As noted below, the patches can also be found here:
http://git.infradead.org/users/ahunter/linux-sdhci.git/shortlog/refs/heads/swcmdq
Changes in V5:
Patches 1-5 dropped because they have been applied.
Re-based on next.
Fixed use of blk_end_request_cur() when it should have been
blk_end_request_all() to error out requests during error recovery.
Fixed unpaired retune_hold / retune_release in the error recovery path.
Changes in V4:
Re-based on next + v4.8-rc2 + "block: Fix secure erase" patch
Changes in V3:
Patches 1-25 dropped because they have been applied.
Re-based on next.
mmc: queue: Allocate queue of size qdepth
Free queue during cleanup
mmc: mmc: Add Command Queue definitions
Add cmdq_en to mmc-dev-attrs.txt documentation
mmc: queue: Share mmc request array between partitions
New patch
Changes in V2:
Added 5 patches already sent here:
http://marc.info/?l=linux-mmc&m=146712062816835
Added 3 more new patches:
mmc: sdhci-pci: Do not runtime suspend at the end of sdhci_pci_probe()
mmc: sdhci: Avoid STOP cmd triggering warning in sdhci_send_command()
mmc: sdhci: sdhci_execute_tuning() must delete timer
Carried forward the V2 fix to:
mmc: mmc_test: Disable Command Queue while mmc_test is used
Also reset the cmd circuit for data timeout if it is processing the data
cmd, in patch:
mmc: sdhci: Do not reset cmd or data circuits that are in use
There wasn't much comment on the RFC so there have been few changes.
Venu Byravarasu commented that it may be more efficient to use Software
Command Queuing only when there is more than 1 request queued - it isn't
obvious how well that would work in practice, but it could be added later
if it could be shown to be beneficial.
Original Cover Letter:
Chuanxiao Dong sent some patches last year relating to eMMC 5.1 Software
Command Queuing. He did not follow-up but I have contacted him and he says
it is OK if I take over upstreaming the patches.
eMMC Command Queuing is a feature added in version 5.1. The card maintains
a queue of up to 32 data transfers. Commands CMD45/CMD45 are sent to queue
up transfers in advance, and then one of the transfers is selected to
"execute" by CMD46/CMD47 at which point data transfer actually begins.
The advantage of command queuing is that the card can prepare for transfers
in advance. That makes a big difference in the case of random reads because
the card can start reading into its cache in advance.
A v5.1 host controller can manage the command queue itself, but it is also
possible for software to manage the queue using an non-v5.1 host controller
- that is what Software Command Queuing is.

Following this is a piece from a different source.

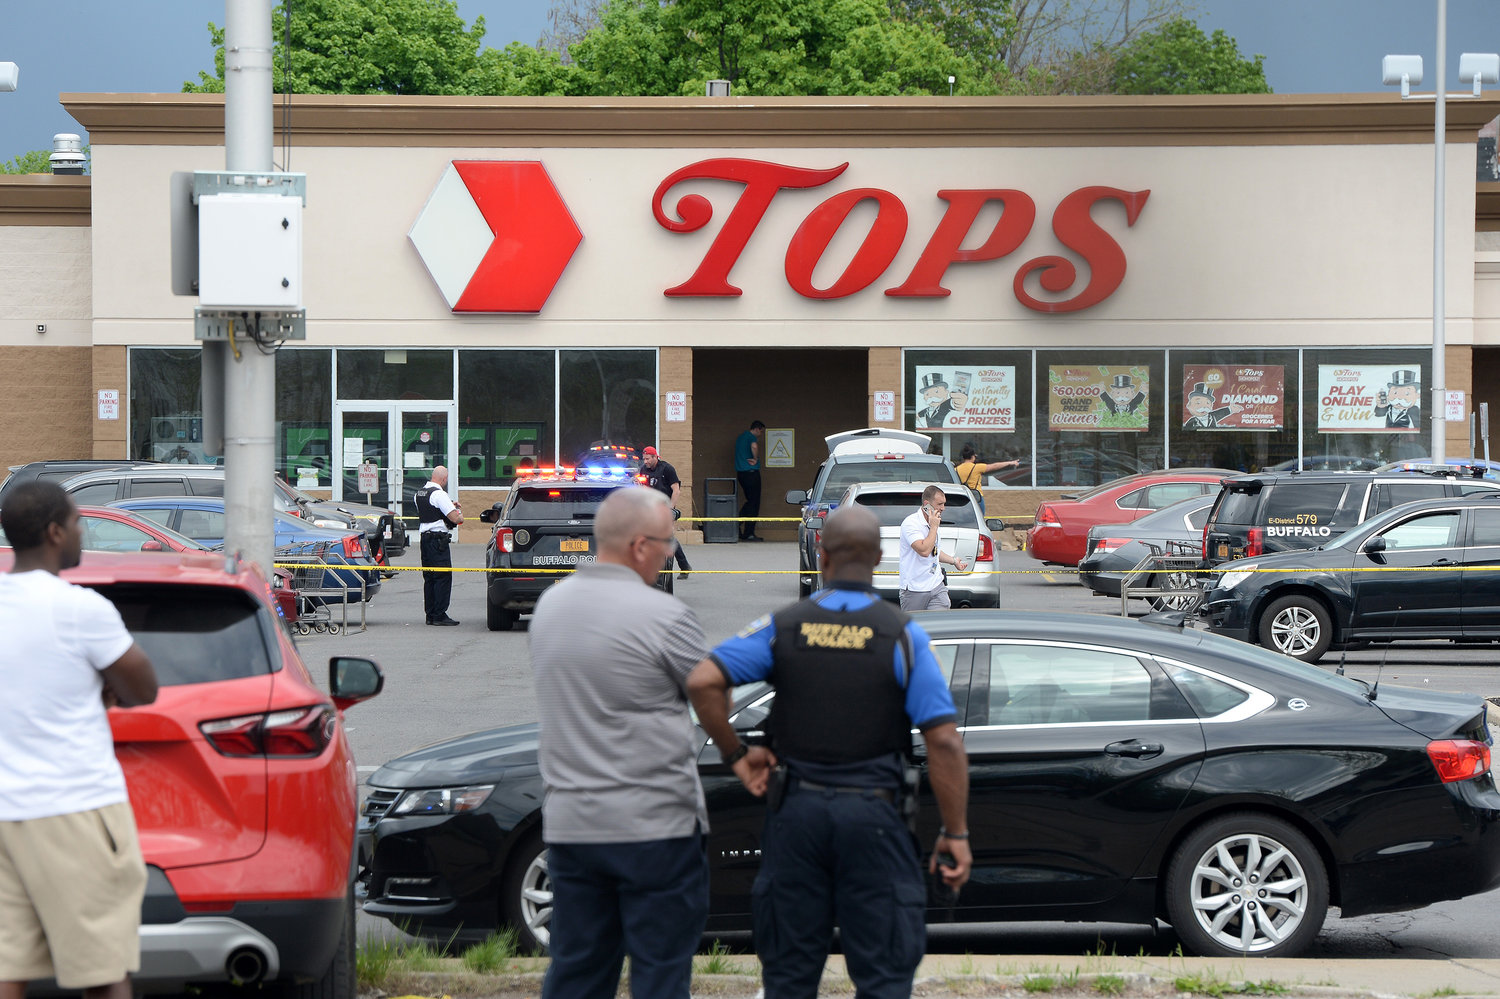 Police on scene at a Tops Friendly Market on Saturday, May 14, 2022, in Buffalo, New York. Ten people were killed after a mass shooting at the store. (John Normile/Getty Images/TNS)

Refer to the JEDEC (http://www.jedec.org/) eMMC v5.1 Specification for more
information about Command Queuing.
While these patches are heavily based on Dong's patches, there are some
changes:
SDHCI has been amended to support commands during transfer. That is a
generic change added in patches 1 - 5. [Those patches have now been applied]
In principle, that would also support SDIO's CMD52 during data transfer.
The original approach added multiple commands into the same request for
sending CMD44, CMD45 and CMD13. That is not strictly necessary and has
been omitted for now.
The original approach also called blk_end_request() from the mrq->done()
function, which means the upper layers learnt of completed requests
slightly earlier. That is not strictly related to Software Command Queuing
and is something that could potentially be done for all data requests.
That has been omitted for now.
The current block driver supports 2 requests on the go at a time. Patches
1 - 8 make preparations for an arbitrary sized queue. Patches 9 - 12
introduce Command Queue definitions and helpers. Patches 13 - 19
complete the job of making the block driver use a queue. Patches 20 - 23
finally add Software Command Queuing, and 24 - 25 enable it for Intel eMMC
controllers. Most of the Software Command Queuing functionality is added
in patch 22.
The patches can also be found here:
http://git.infradead.org/users/ahunter/linux-sdhci.git/shortlog/refs/heads/swcmdq
The patches have only had basic testing so far. Ad-hoc testing shows a
degradation in sequential read performance of about 10% but an increase in
throughput for mixed workload of multiple processes of about 90%. The
reduction in sequential performance is due to the need to read the Queue
Status register between each transfer.
These patches should not conflict with Hardware Command Queuing which
handles the queue in a completely different way and thus does not need
to share code with Software Command Queuing. The exceptions being the
Command Queue definitions and queue allocation which should be able to be
used.
Adrian Hunter (25):
mmc: queue: Fix queue thread wake-up
mmc: queue: Factor out mmc_queue_alloc_bounce_bufs()
mmc: queue: Factor out mmc_queue_alloc_bounce_sgs()
mmc: queue: Factor out mmc_queue_alloc_sgs()
mmc: queue: Factor out mmc_queue_reqs_free_bufs()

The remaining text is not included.